Task: Once you reach the line containing "Stehende Guanyin - Kunstharz - Bild 2 aus 2" in the data below, restate each line word for word up to and including the one containing "自伝パーフェルビッド勇敢なPHILOGOD 香炉 陶器ストーンミルモデリング逆流香炉".

Records for processing:
##############################

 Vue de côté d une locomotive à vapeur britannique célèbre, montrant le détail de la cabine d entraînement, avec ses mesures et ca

##############################

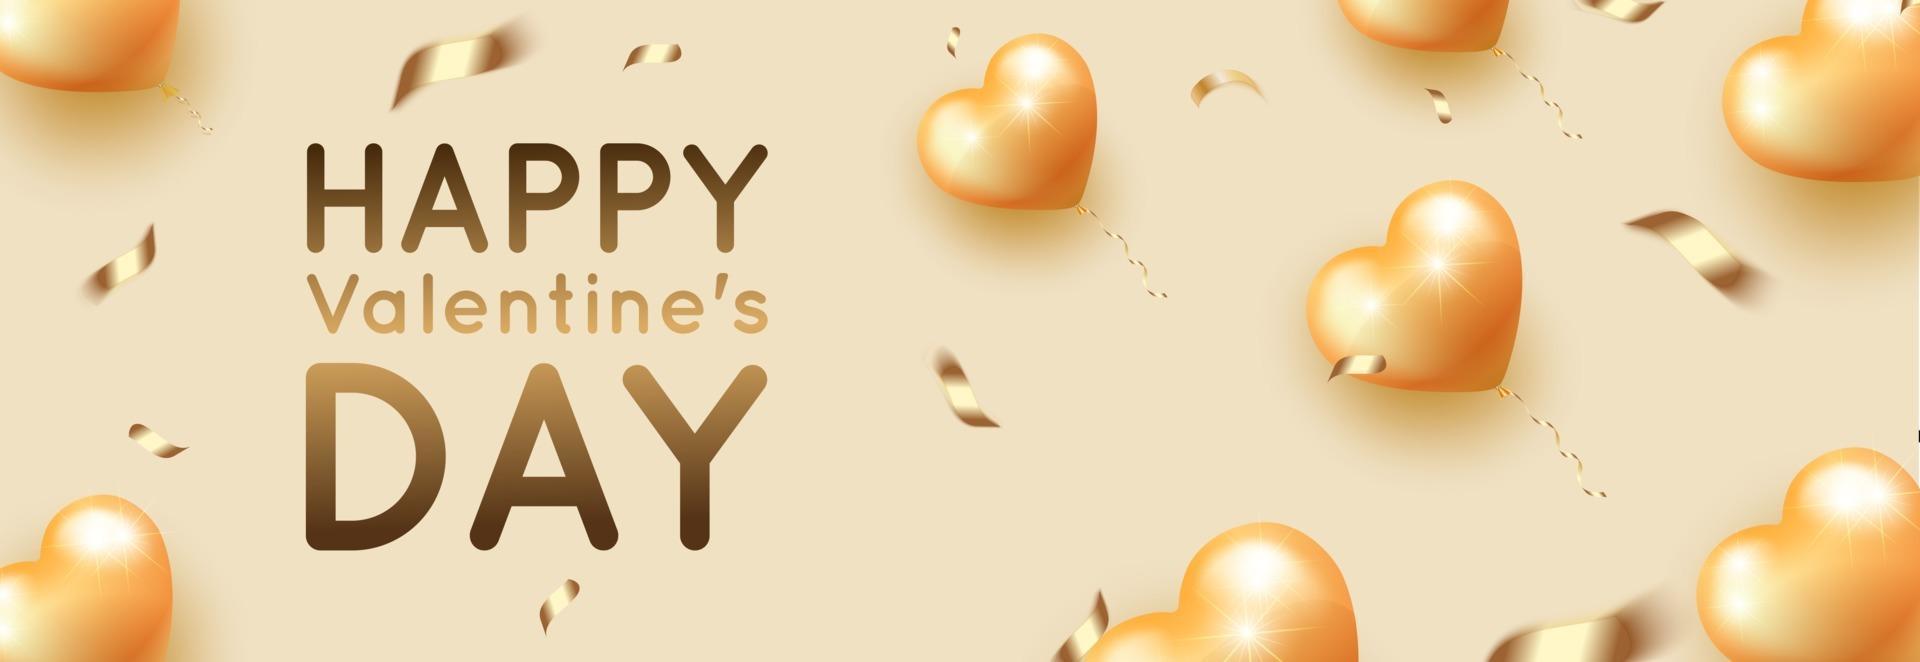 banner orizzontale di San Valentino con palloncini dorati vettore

##############################

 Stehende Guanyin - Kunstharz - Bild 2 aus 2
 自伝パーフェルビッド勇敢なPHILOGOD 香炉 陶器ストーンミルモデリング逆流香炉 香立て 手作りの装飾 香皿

##############################

Answer for the task:
 Stehende Guanyin - Kunstharz - Bild 2 aus 2
 自伝パーフェルビッド勇敢なPHILOGOD 香炉 陶器ストーンミルモデリング逆流香炉 香立て 手作りの装飾 香皿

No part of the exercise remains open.